This is an appeal by defendants from an order of the district court denying their motion for a new trial or for amended findings of fact, conclusions of law, and order for judgment.

The case arose out of injuries suffered by plaintiff, John Sorenson, who was 42 years old at the time of the accident. He was then president and principal officer of, and employed by, S & T Corporation (hereinafter S & T), a Nebraska general contractor whose primary activity was demolishing buildings and hauling dirt in the Omaha area. Defendant Cargo Carriers, Incorporated (Cargo Carriers) is engaged in the operation of barges on inland waterways of the United States and is a subsidiary of defendant Cargill, Incorporated (Cargill) ,

Plaintiff was injured on May 1, 1963, when he fell between hatch covers 2 and 3 on defendants’ barge M-30 while it was docked at the Marine Leasing pier in Omaha, Nebraska. The injury occurred at night during an unloading operation when the area was well lighted, specifically for the purpose of night work. The unloading was being performed by the stevedoring contractor, White Excavating, audits subcontractor, S & T, whose function was to do the trucking of the bulk salt after it was unloaded from the barge. Gerald White of White Excavating was supervising the unloading.

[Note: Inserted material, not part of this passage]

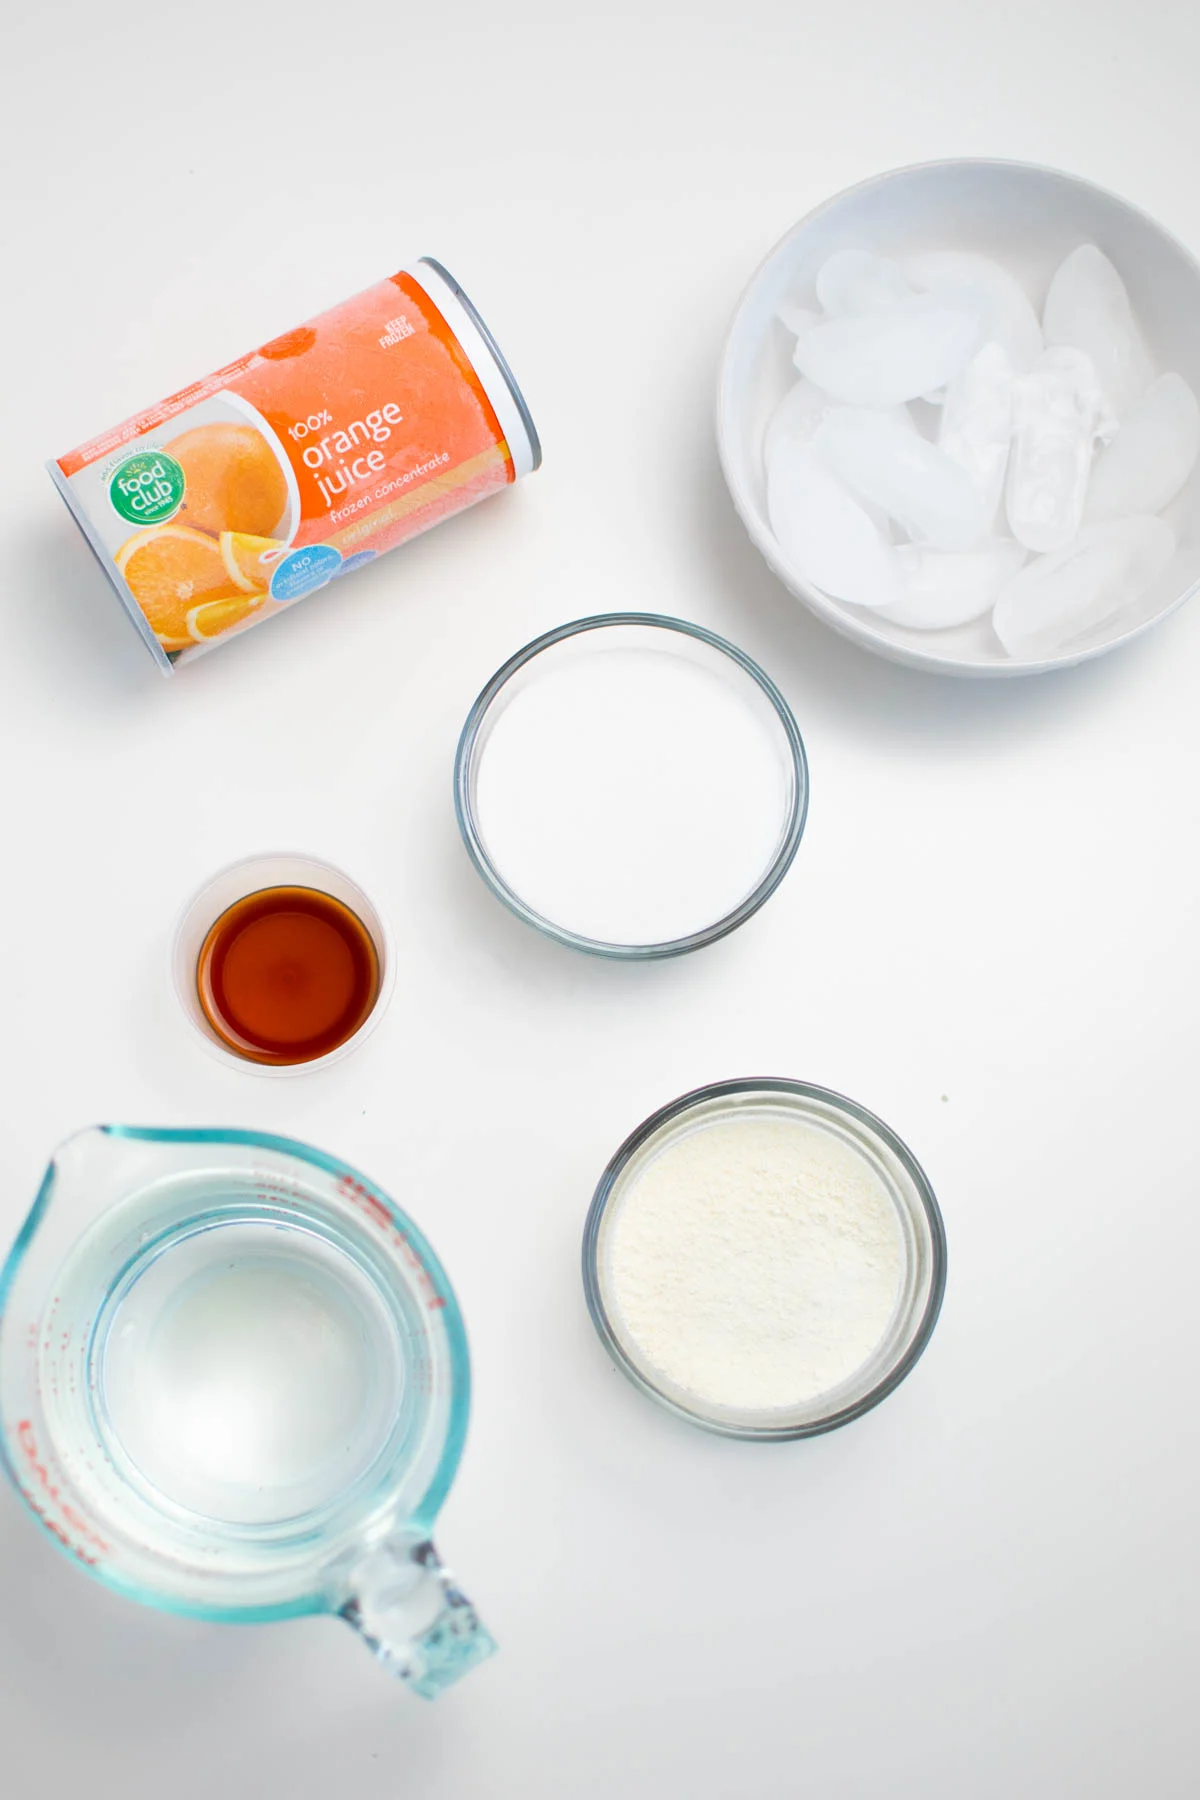 Orange Julius ingredients in bowls including ice cubes, sugar, and milk.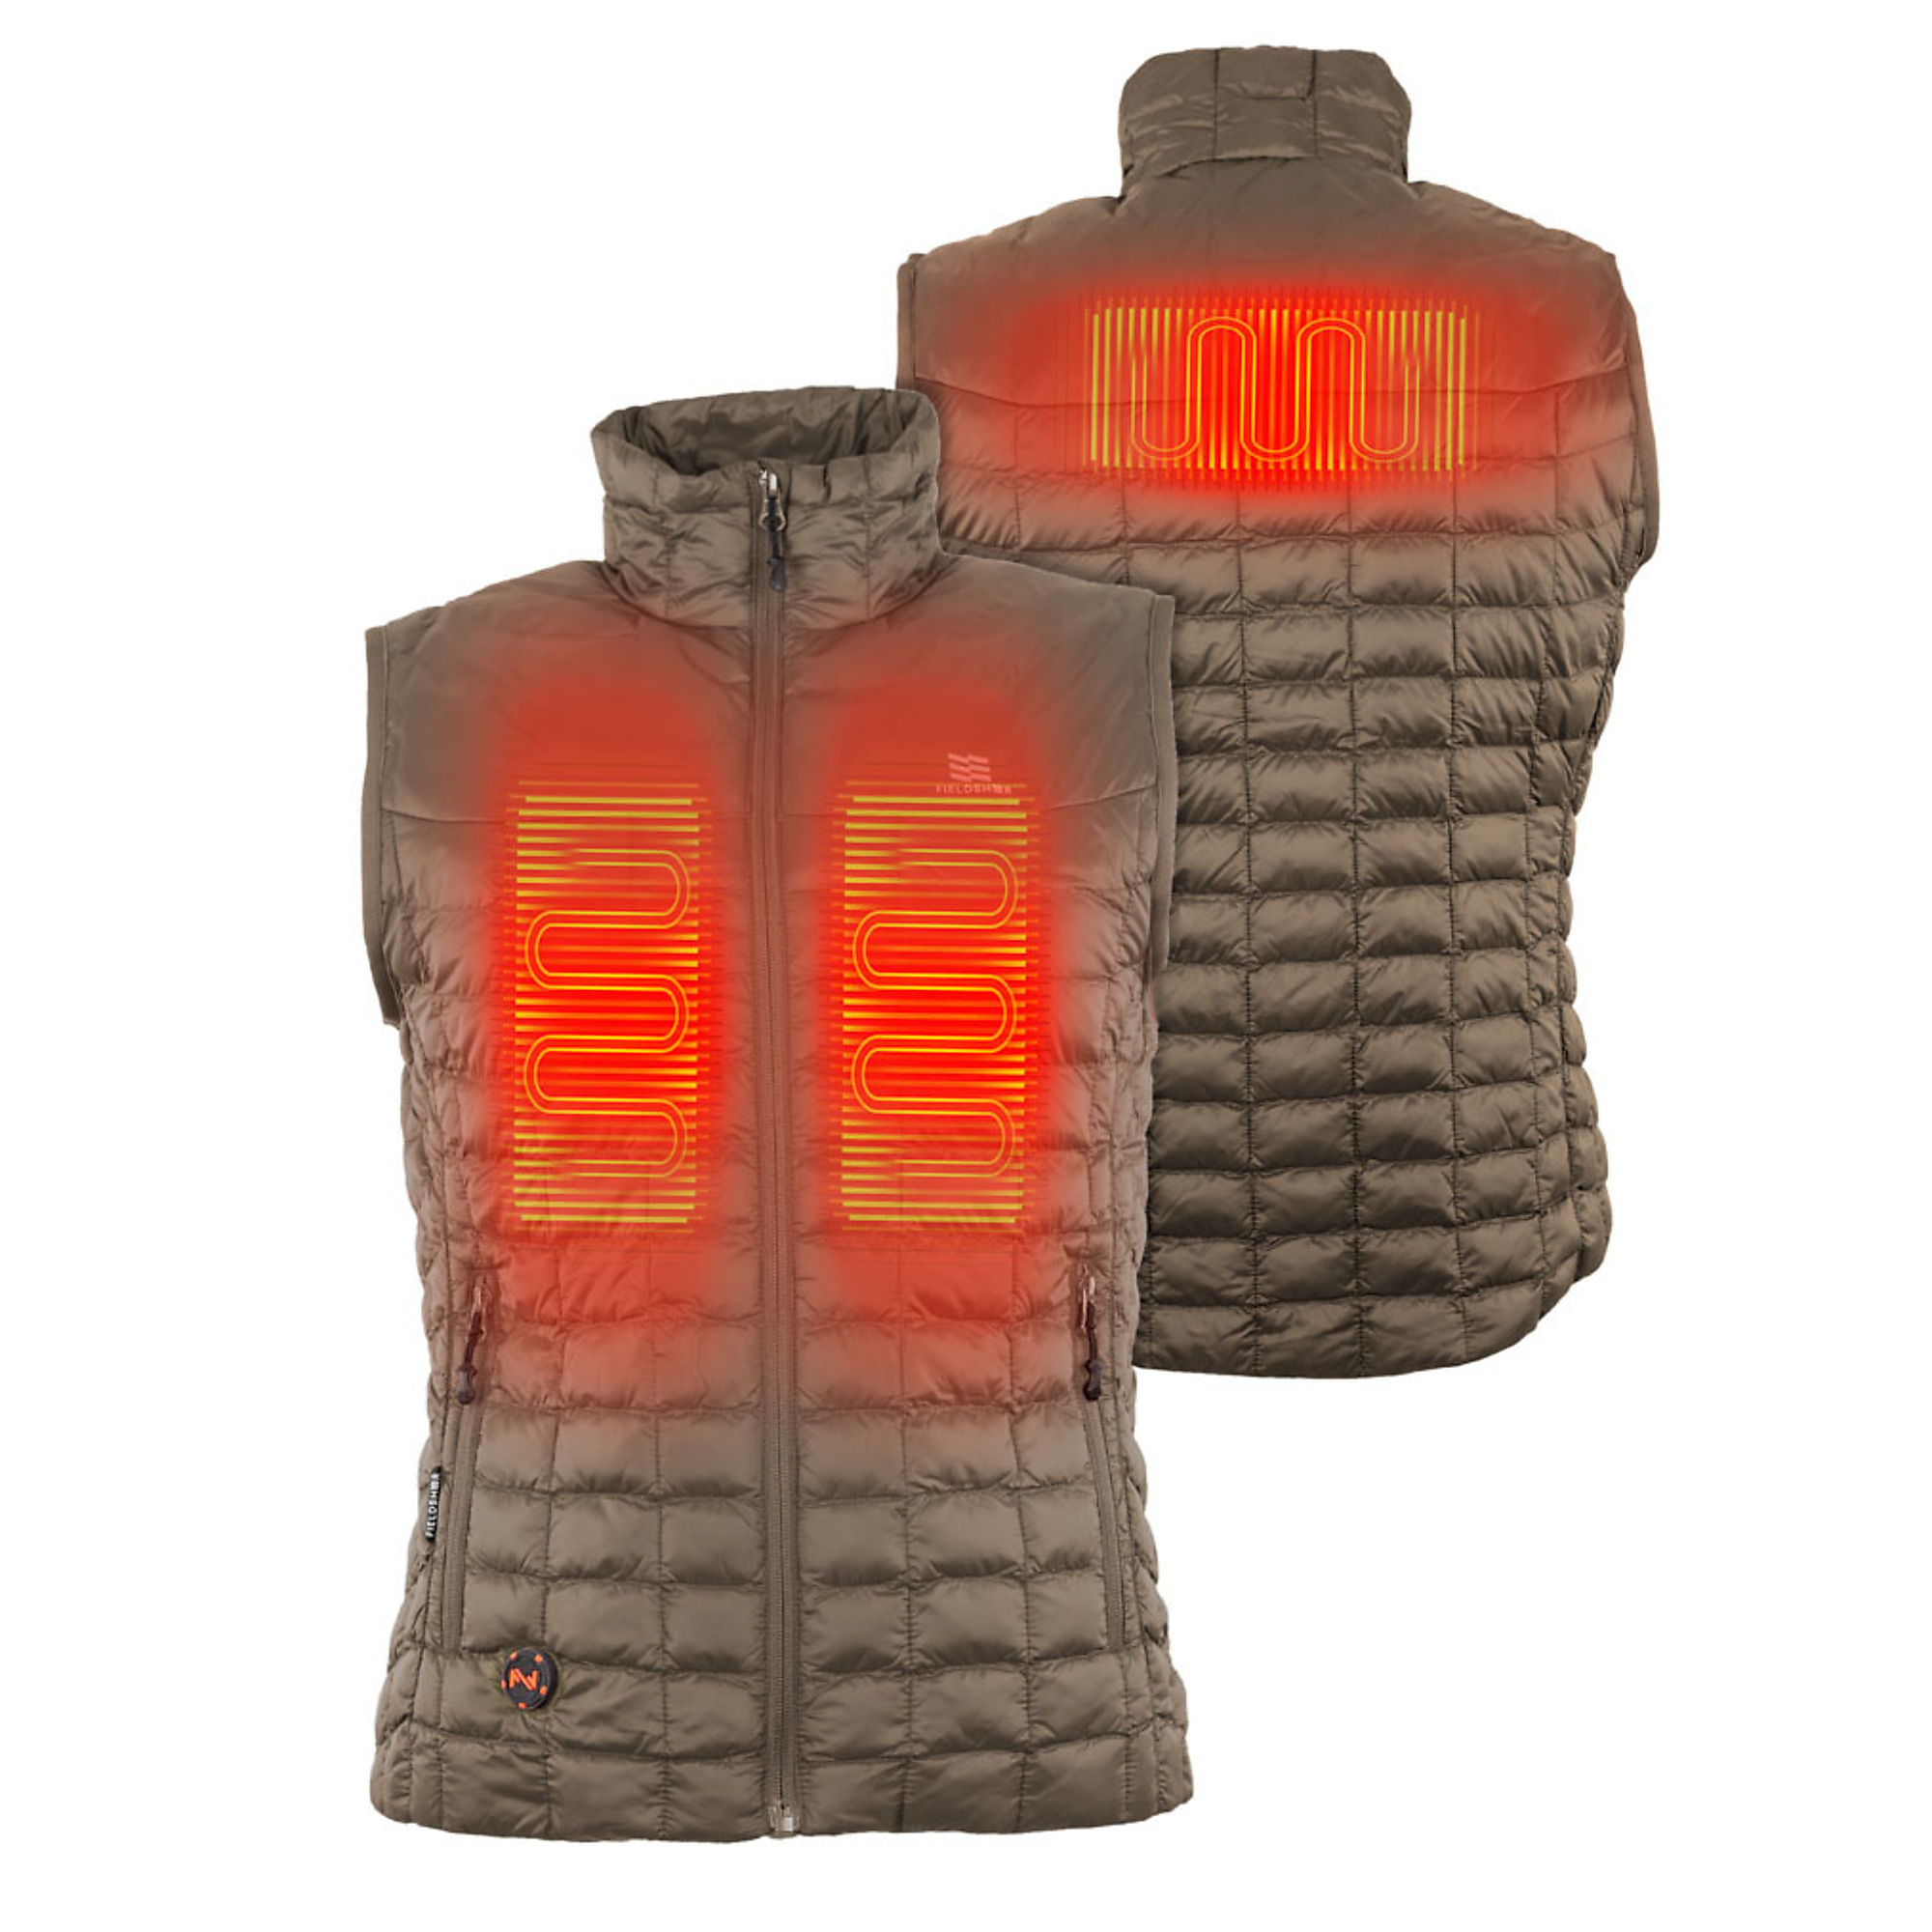 Fieldsheer, Women's 7.4v Backcountry Heated Vest, Size 2XL, Color Tan, Model MWWV04340621

Barge M-30 was 195 feet long and 35 feet wide. It was covered by eight movable rolling hatch covers, each of which had an estimated weight of between 10,000 and 12,000 pounds. Hatch covers 2 and 3 and 6 and 7 are “high” covers which slide over the others. Covers 2 and 3, 4 and 5, and 6 and 7 abut one another and are sealed or locked by locking devices. Covers 8 and 1 lock to the barge combing at each end and contact the covers on their other side, 7 and 2 respectively, by an overlapping edge rather than a locking device. The covers roll on wheels on steel rails. The locking device between covers 2 and 3 consists of a tongue one-half inch thick and 4 inches wide. The operative part of the lock hooks 30 degrees and is approximately 10 inches long. The hook is attached to a handle by a bolt. The handle’s end is attached to the angle iron of one of the covers, and the hook of the lock is attached to the handle nearer the middle of the handle. The lock is thus similar to that on a piece of luggage. The hook is placed over the angle iron of the abutting hatch cover, and the handle is then depressed in such a manner that when the handle makes contact with the hatch cover itself, the tension created exerts pressure downward on the handle toward the cover.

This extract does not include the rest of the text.